I'd like to convert this table into a csv and I have tried 2 things, but both fail:

pandas.read_html returns an error saying I don't have html5lib installed, but I do and in fact I can import it without problems.
soup.find_all('tr') returns an error 'NoneType' object is not callable after I run soup = BeautifulSoup(tablehtml)

Here is my code:

import time
from selenium import webdriver
from selenium.webdriver.support.ui import WebDriverWait 
from selenium.webdriver.common.keys import Keys
import pandas as pd

main_url = "http://data.stats.gov.cn/english/easyquery.htm?cn=E0101"
driver = webdriver.Firefox()
driver.get(main_url)
time.sleep(7)
driver.find_element_by_partial_link_text("Industry").click()
time.sleep(7)
driver.find_element_by_partial_link_text("Main Economic Indicat").click()
time.sleep(6)
driver.find_element_by_id("mySelect_sj").click()
time.sleep(2)
driver.find_element_by_class_name("dtText").send_keys("last72")
time.sleep(3)
driver.find_element_by_class_name("dtTextBtn").click()
time.sleep(2)
table=driver.find_element_by_id("table_main")
tablehtml= table.get_attribute('innerHTML')

it's too long to paste. It starts like this: <thead><tr class="tr-title"><th style="text-align:center;">Indicators</th><th class="">Oct 2015</th><th class="">Sep 2015</th><th class="">Aug 2015</th><th class="">Jul 2011... You can get the full version by running the code (you may need to pip install selenium) — Alexis Eggermont
– Alexis Eggermont, Commented Nov 10, 2015 at 15:31
I tested your code with selenium and bs4 and have got no issues. Somehow your soup object is returned as None. — sagarchalise
– sagarchalise, Commented Nov 10, 2015 at 16:03
You mean that you are able to use find_all() on my soup object? — Alexis Eggermont
– Alexis Eggermont, Commented Nov 10, 2015 at 16:08
yes.

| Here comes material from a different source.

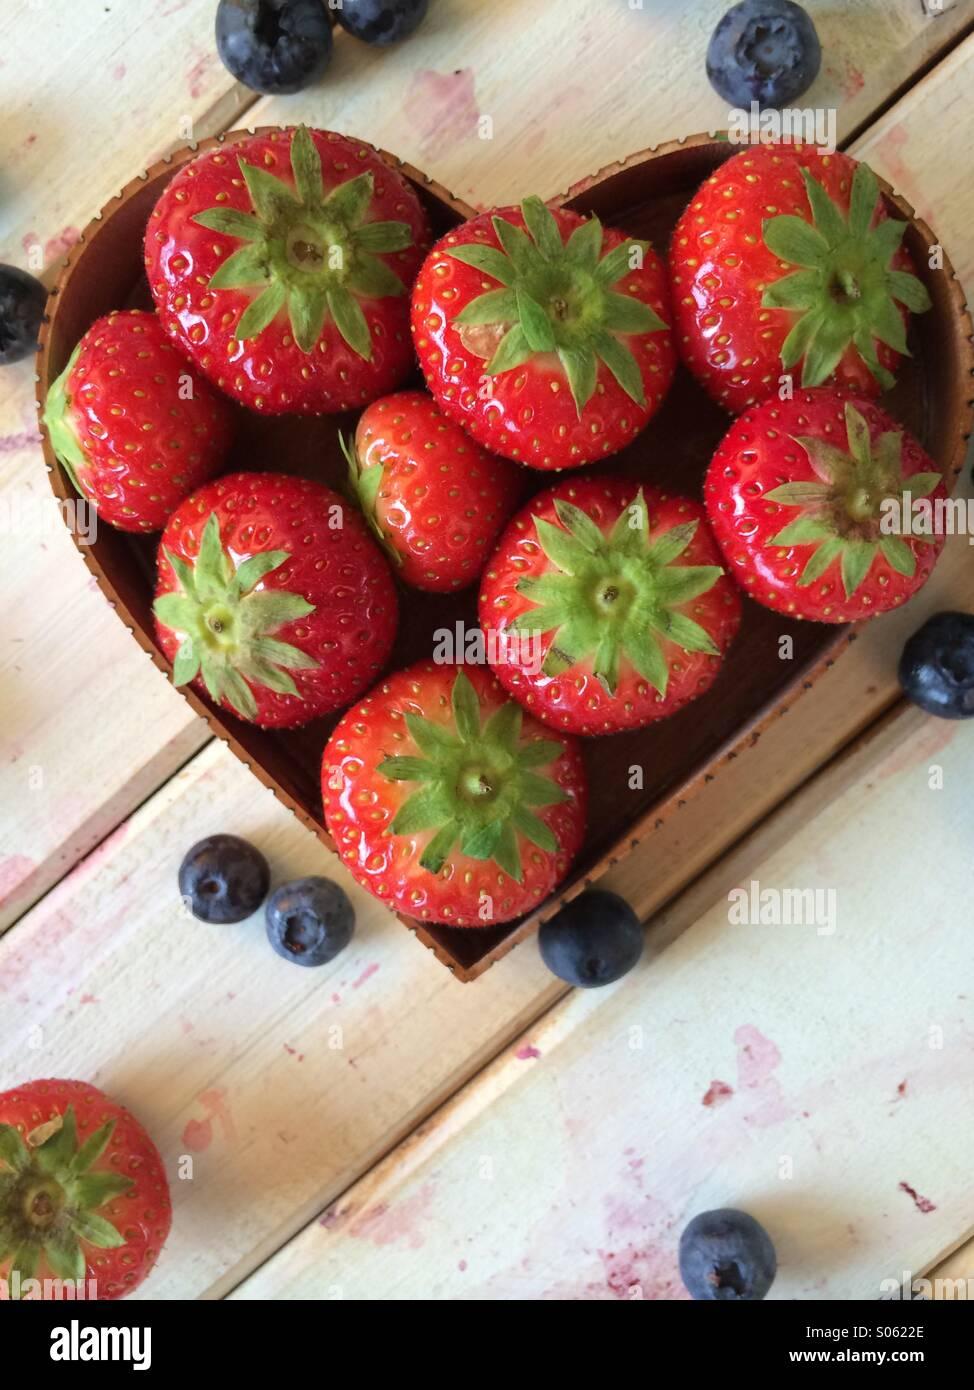 Frische Erdbeeren in Liebe Herd Form Korb und Blaubeeren auf Vintage Tisch im Retro-Stil Hintergrund Stockbild

All I can recommend is check 'tablehtml' as well as 'soup' before you call anything on it. — sagarchalise
– sagarchalise, Commented Nov 10, 2015 at 16:09

AXO · Accepted Answer · 2017-02-03 08:29:58Z

13

Using the csv module and selenium selectors would probably be more convenient here:

import csv
from selenium import webdriver
driver = webdriver.Firefox()
driver.get("http://example.com/")
table = driver.find_element_by_css_selector("#tableid")
with open('eggs.csv', 'w', newline='') as csvfile:
    wr = csv.writer(csvfile)
    for row in table.find_elements_by_css_selector('tr'):
        wr.writerow([d.text for d in row.find_elements_by_css_selector('td')])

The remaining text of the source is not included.